The broad strokes are as follows:

  1. Deploy scientific government: start small (local, limited policy areas), create success stories, and expand. Eventually a few progressive countries will adopt scientific government at the national level. This will eventually spread (albeit with resistance from existing power-holders) to all countries.
  2. Create a world scientific government, which will have authority on global issues such as borders, international trade, carbon emissions, migration, and population. As the source of economic and territorial contention between nations diminish, so will nationalism itself.
  3. In my essay on Scientific Government I made no predictions about what figure of merit people would choose, or what policies would result from it. But for the purposes of human survival, I'll assume that Scientific Government results in societal "safety nets" that guarantee every person subsistence (food, housing, clothing, medical care) for as long as they live, regardless of whether they are willing or able to work. I'll also assume the evolution of policies that provide universal opportunity: everyone is able to get whatever education they want, is able to utilize their talents, and is rewarded for their effort and ability. Scientific Government will converge to an economic system that combines a highly regulated form of capitalism with a socialist substrate.
  4. The world government will determine (using the scientific approach) a target world population - one that is small enough that stresses on the environment are eliminated, and that reduces the contention for land, but is large enough to sustain technology. Large areas of land will become unoccupied by humans, and non-human life will flourish and evolve. I address these issues in my essay on human over-population.
  5. The world government will design and implement a plan that reduces carbon emissions to pre-industrial levels, and possibly captures and sequesters existing atmospheric carbon, in a way that minimizes or reverses the effects of global warming.
  6. The government will gradually defuse religion - by taxing organized religion like the business that it is, and by removing the sources of anger that religious extremism feeds on.

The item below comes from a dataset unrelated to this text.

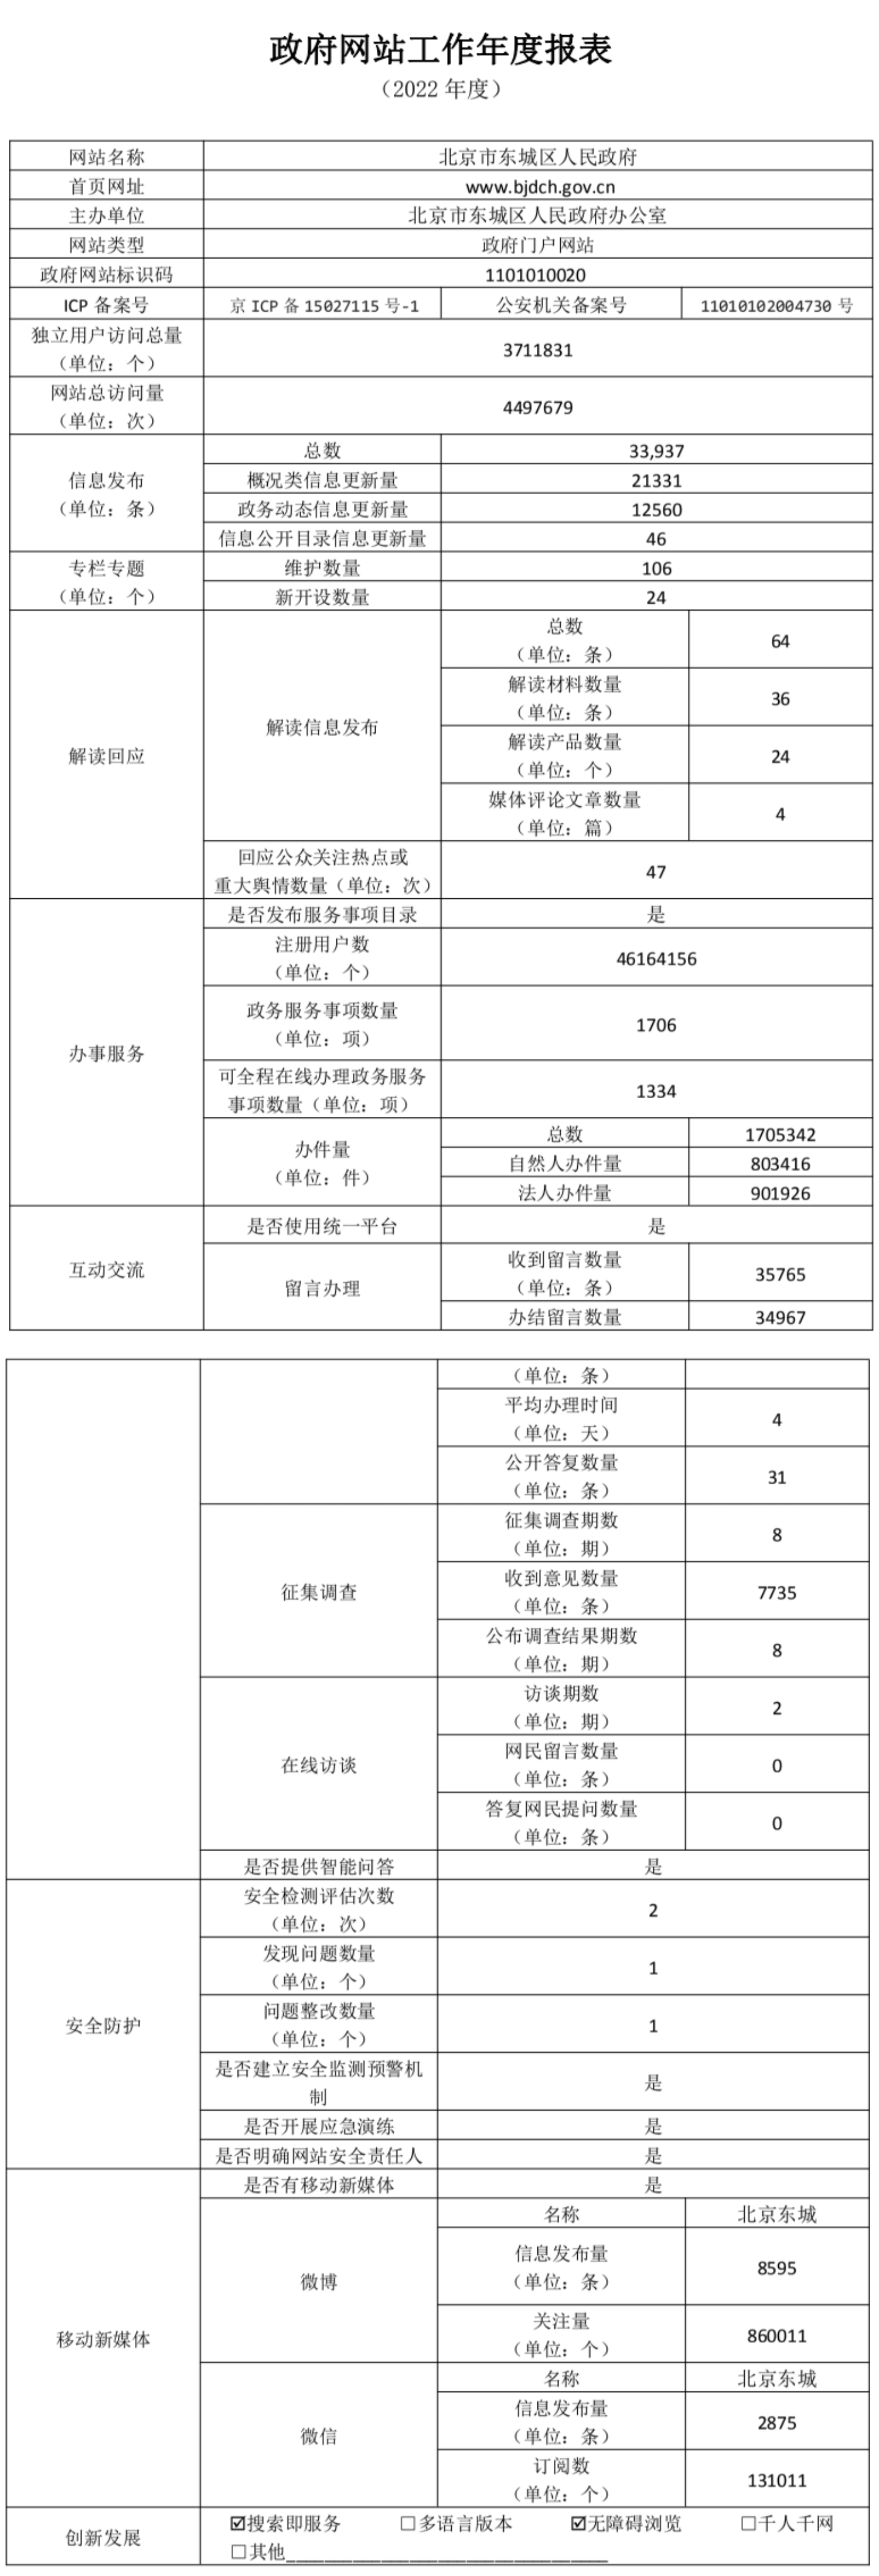 北京市東城區人民政府2022年政府網站年度工作報表
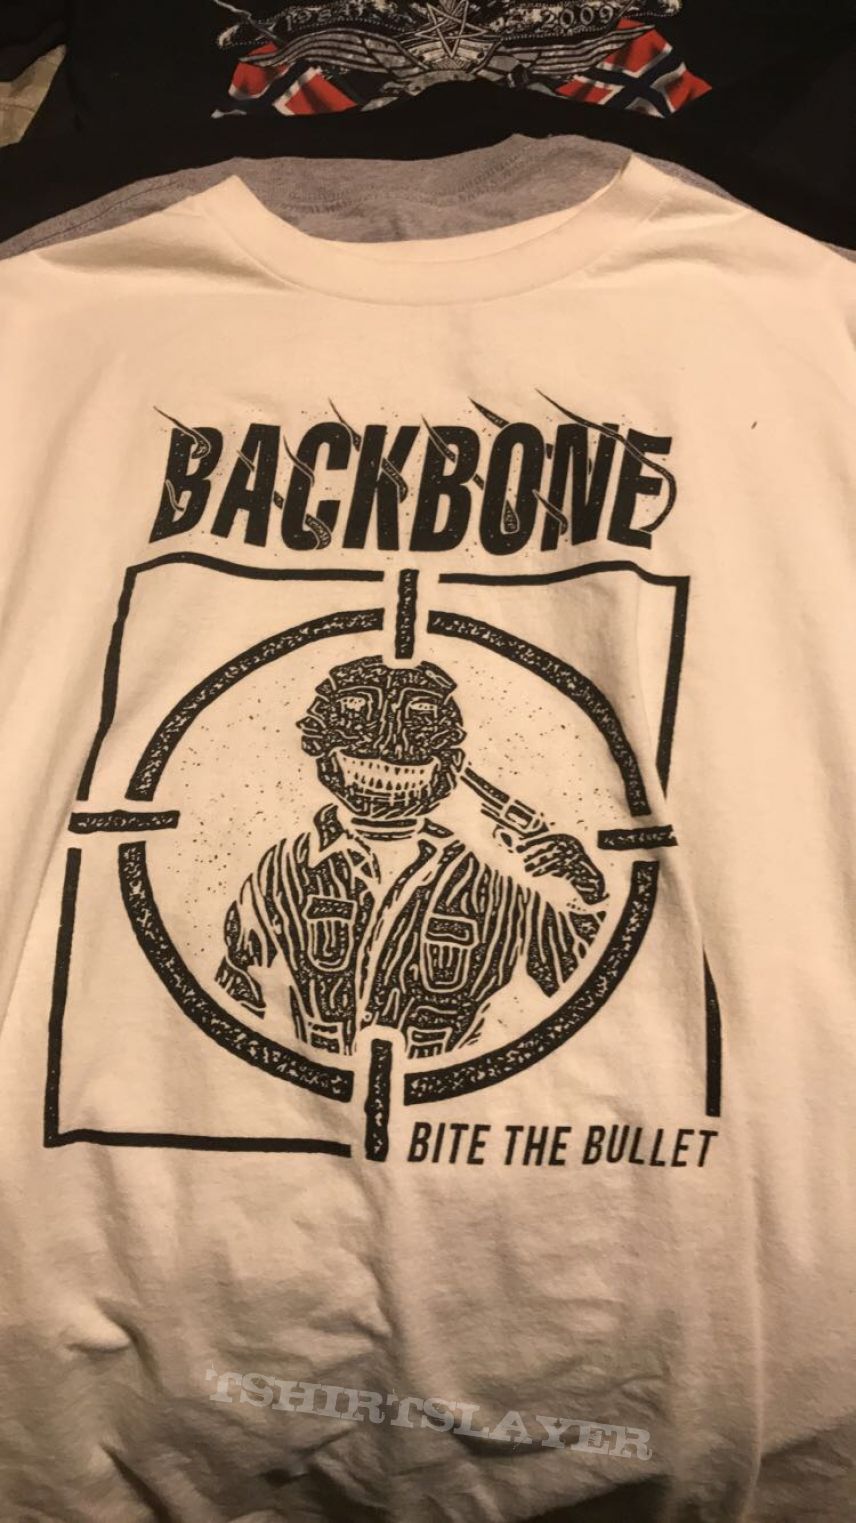 Backbone bite the bullet shirt

  7. The government will raise global consciousness. It will promote education in science, so that everyone understands the web of factors that allow life to exist on Earth, and the delicate balance we live in, and the fact that - for now - there's no place we can possible live outside Earth. It will promote education in the humanities, so that everyone becomes familiar with the full depth of what humans have created, across cultures and eras.

When these things are done, human civilization will have at least a chance to survive, and to flourish - to continue our explosion of artistic creation, to continue advancing our understanding of science, and to keep searching for life and civilizations outside Earth.